Todo este proceso, más el impacto de la globalización, dieronpor tierra con los equilibrios previos no sólo en Alemania, cuyo tablero político y tal vez su “vocación europeizante” están en plena ebullición, sino también en toda Europa. La debilidad, ahora evidente, de la unión monetaria, sin una coordinación fina de las políticas fiscales y monetarias de sus miembros, desembocó en una crisis sin precedentes. 

Lejos de asemejarse, por acción de los mercados y por virtud de la moneda única, los países se diferenciaron cada vez más unos de otros, en los costos y en la productividad. Las burbujas especulativas, alimentadas por tasas de interés demasiado bajas y los flujos de capitales de países ricos hacia la periferia, encendieron la pólvora. En combinación con la crisis de la economía mundial, esta debacle corre el riesgo de destruir los fundamentos mismos de la construcción europea. 

Es inevitable trazar un paralelo entre la crisis del euro y la de la convertibilidad: para los países periféricos de menor productividad relativa, es ilusorio y perjudicial tener la misma moneda que los más desarrollados, pero, como ocurrió en la Argentina de 2001-2002, la salida no es fácil. Teóricamente, un euro sólido debería representar una ventaja para todos, incluso para Alemania, cuyo éxito está ligado al de sus socios europeos. “Salvar” a Grecia, Irlanda y Portugal, incluso Italia, en beneficio de los bancos pero en detrimento de las personas y empresas, al menos las que dependen del mercado interno, es probablemente más barato que tener que rescatar mañana a sus propios bancos de la quiebra de estos países, de los que ellos serían las primeras víctimas. 

Ésta fue la misma lógica del Plan Brady, que pergeñó el secretario del Tesoro estadounidense para “salvar” a las economías periféricas endeudadas en los años ’70, cambiando deuda soberana en situación irregular, que cargaba pérdidas sobre el balance de los bancos prestamistas, por bonos diseminados entre multitud de tenedores, que podían, además, utilizarse en condiciones ventajosas para comprar activos estatales privatizados. 

Por otra parte, si el euro fuera sustituido por un nuevo marco fuertemente revaluado, Alemania perdería automáticamente buena parte de su competitividad, a pesar de toda su eficiencia industrial y su disciplina financiera. En lugar de la “Alemania europea”, deseada por los promotores del Tratado de Maastricht, que el euro debería garantizar para siempre, se corre el riesgo de arribar a una “Europa alemana”, o de llegar a una desintegración, que seguramente iría más allá de la dimensión monetaria. 

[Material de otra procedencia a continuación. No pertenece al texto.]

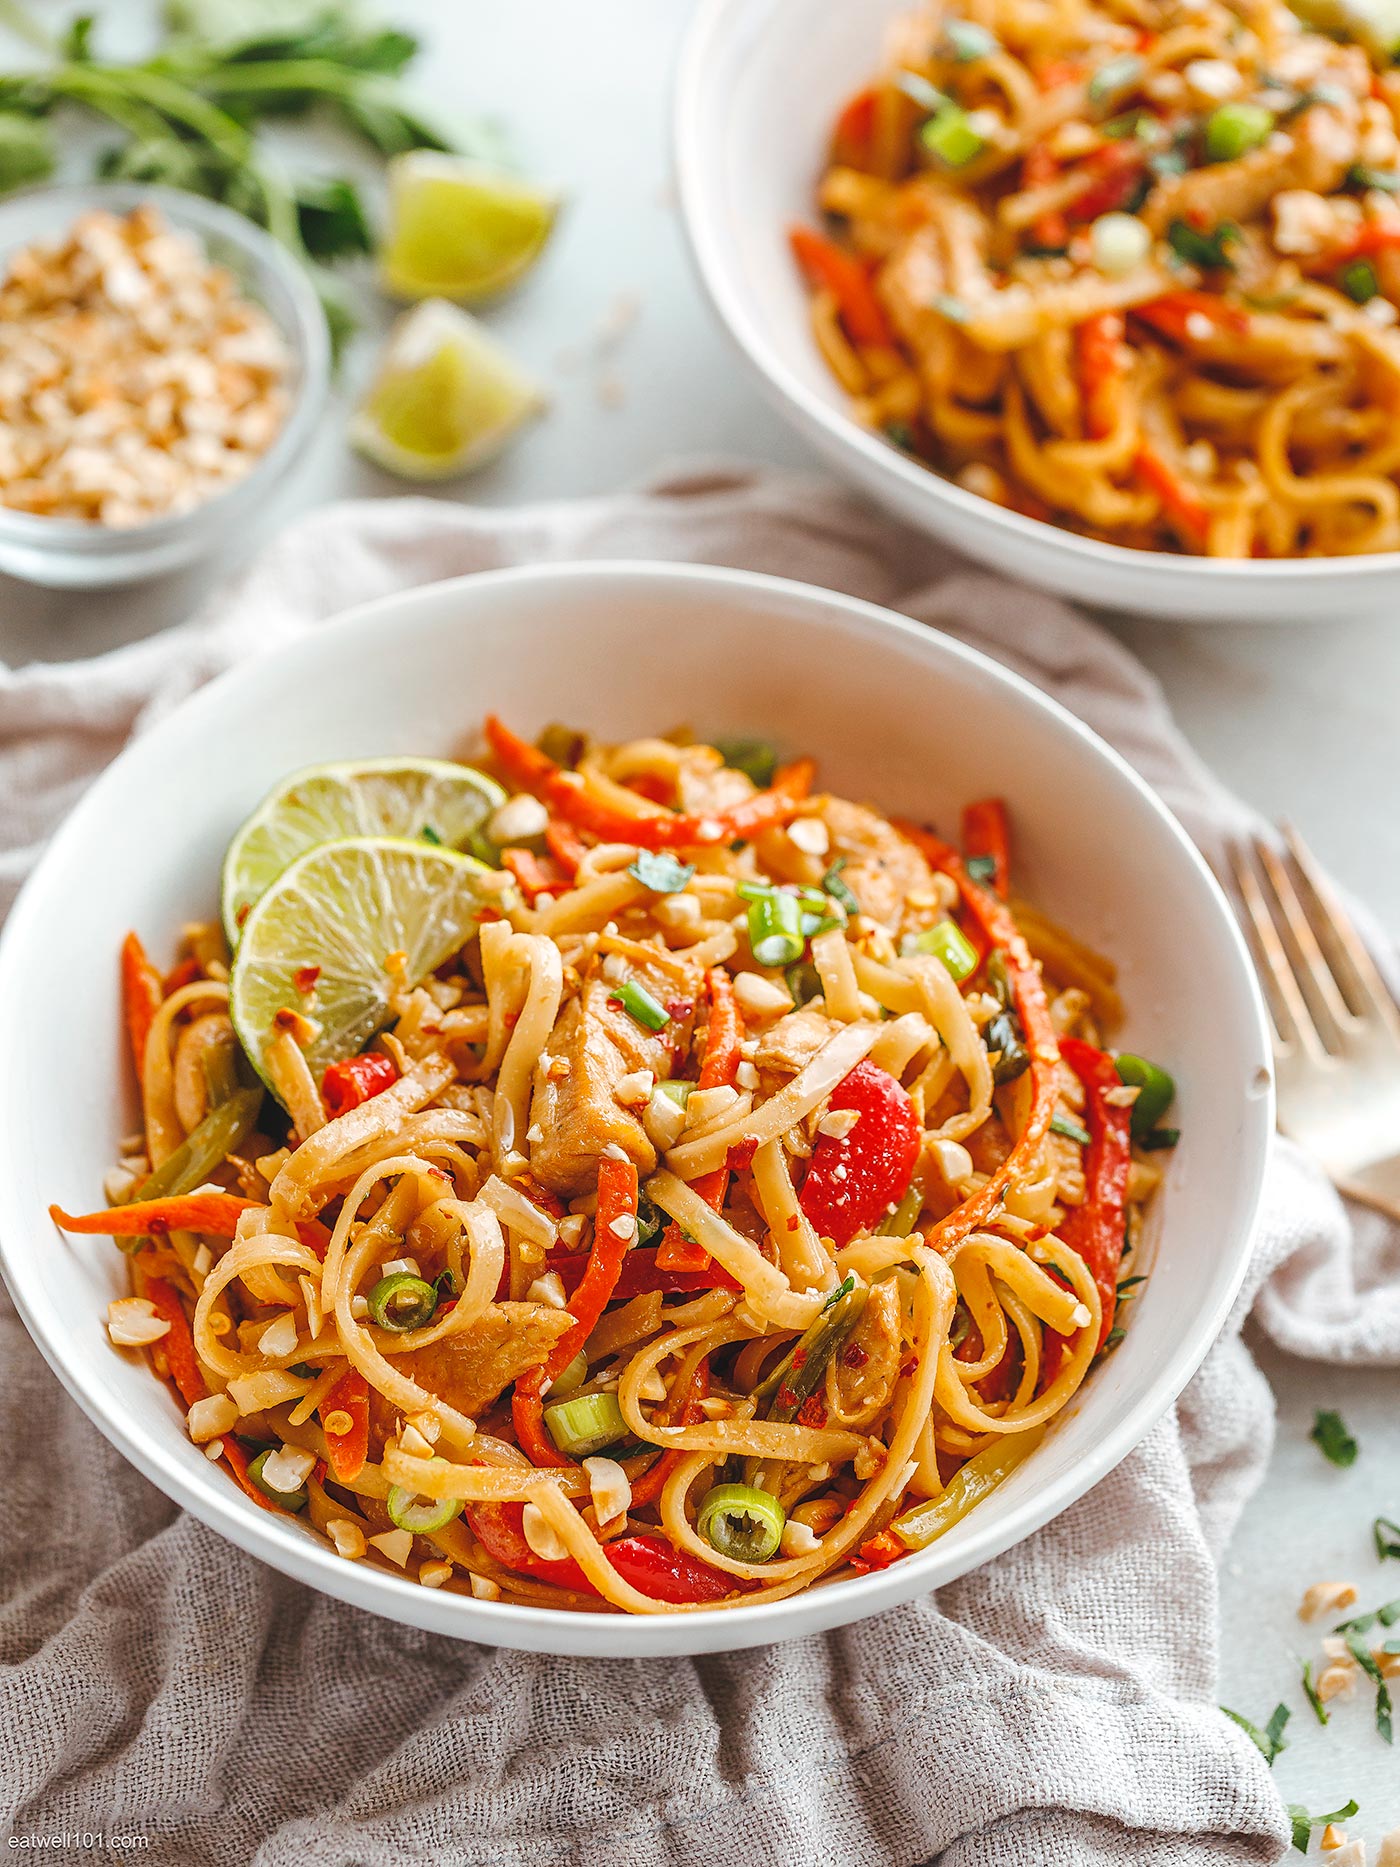 Vegetarian Pad Thai - Easy Skillet Recipe - Ministry of Curry

¿Adónde lleva todo este proceso? Los salvamentos financieros, como el reciente de Grecia, sólo ganan tiempo, pero no resuelven los desequilibrios fundamentales ni logran aplacar la indignación de la mayoría de los europeos. Es evidente que se necesitan reformas de fondo, pero, ¿cuáles? La Organización Internacional del Trabajo afirma que frente a una “globalización desequilibrada”, es necesario procurar “una mundialización de fuerte dimensión social”, y poner fin a un “reparto desigual de los frutos del crecimiento, que erosiona la cohesión social” y que ha agravado fuertemente las desigualdades en los últimos treinta años. 

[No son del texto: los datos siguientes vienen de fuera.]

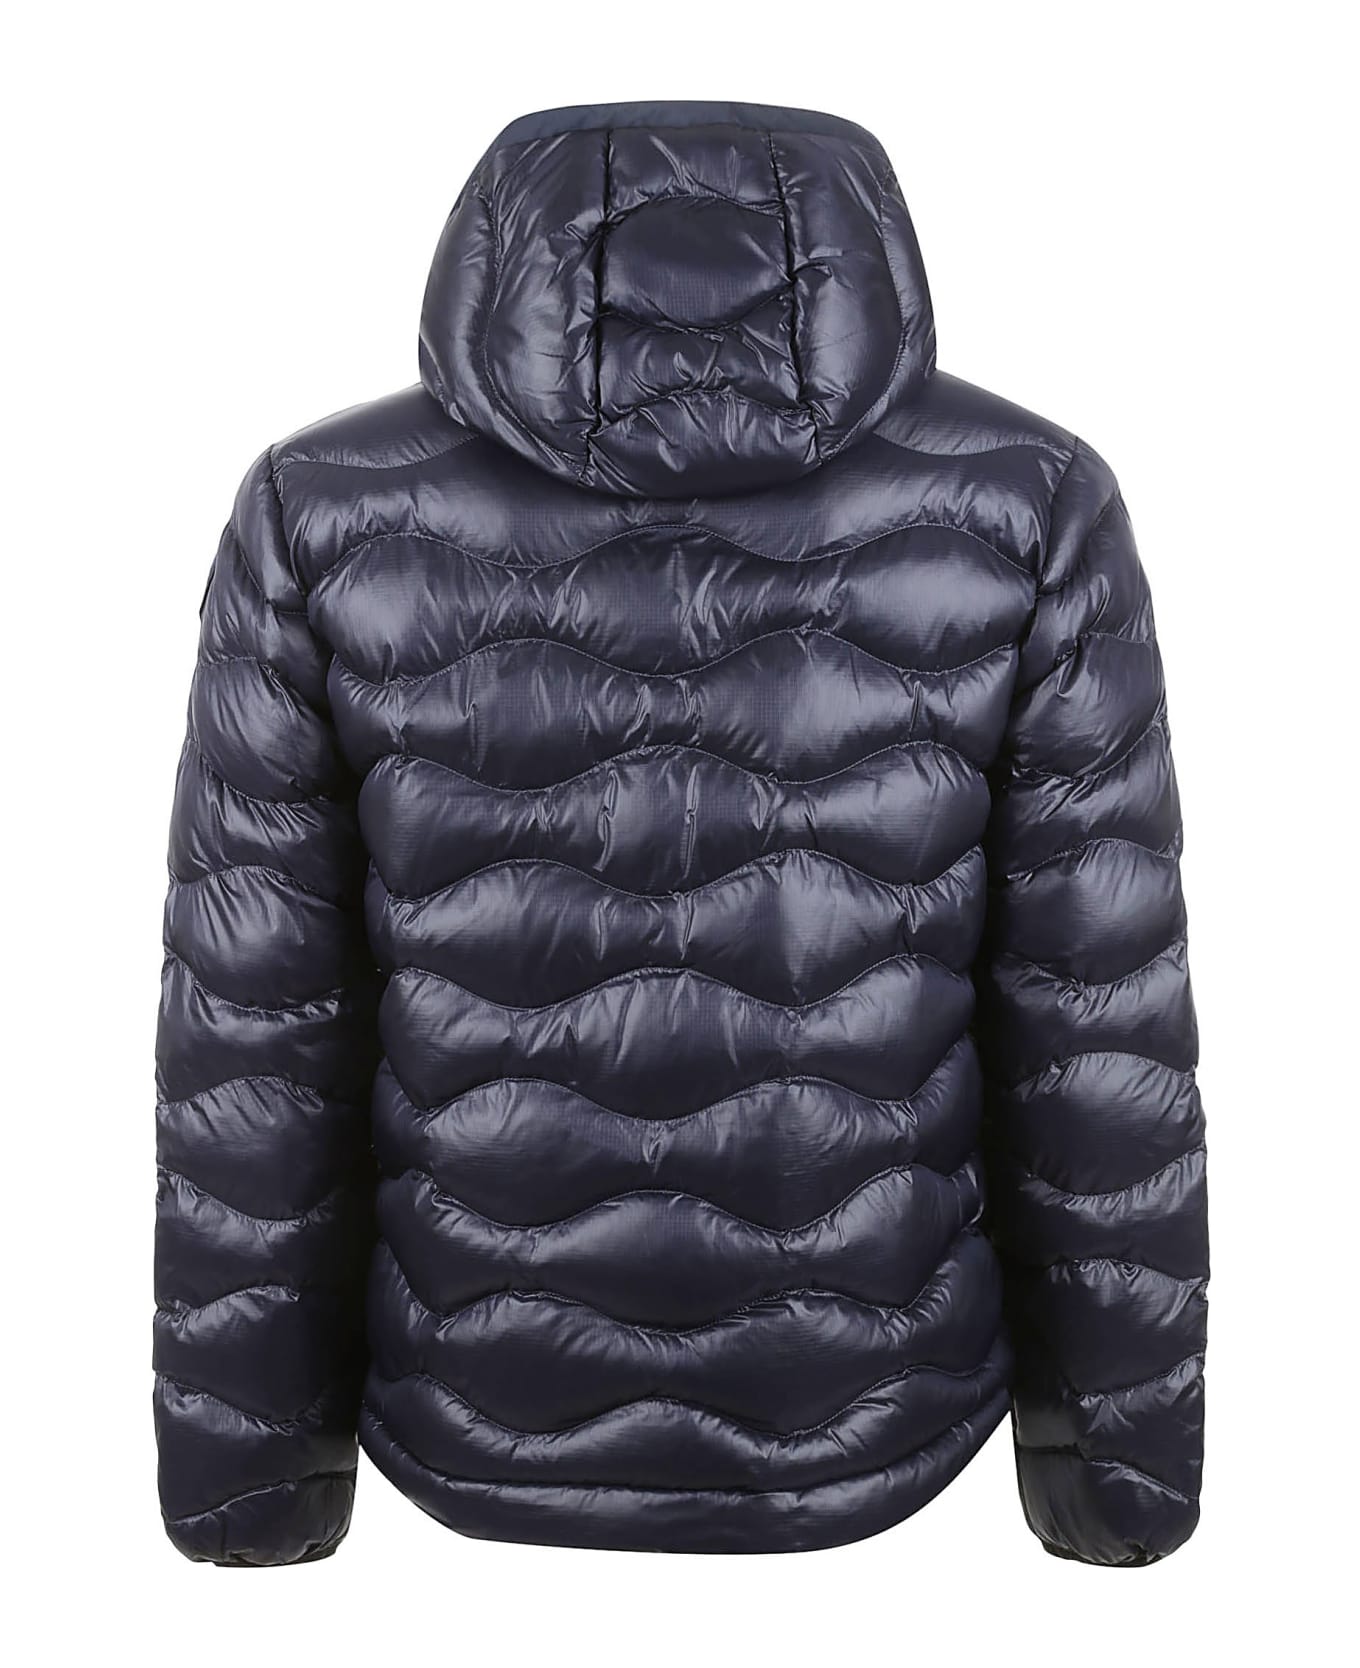 Blauer Patched Pocket Quilted Puffer Jacket - Blue

Para esto, dice la OIT, en su Conferencia Internacional 2011, es necesario impedir que el sector financiero, cuya participación en los beneficios totales pasó del 25% en los ’80 a 45% en 2007, siga estrangulando a la economía real, y pasen a estar al servicio de ésta, reforzando las inversiones productivas respetando los principios de equidad, siguiendo políticas económicas sanas y una fiscalidad progresiva. En esta misma línea, un documento del Parlamento europeo afirma “si hacemos lo que es necesario, podremos ver surgir un nuevo sistema mundial que ofrezca una mayor integración, estabilidad y bienestar para los hombres y el ecosistema. 

Si no, corremos el riesgo de caer en un mundo multipolar empobrecido y violento de sociedades en conflicto, que se combaten mutuamente para sobrevivir en un desastre planetario que se profundiza.” El sendero ha llegado a una bifurcación insoslayable, de la que depende hasta la propia supervivencia del sistema.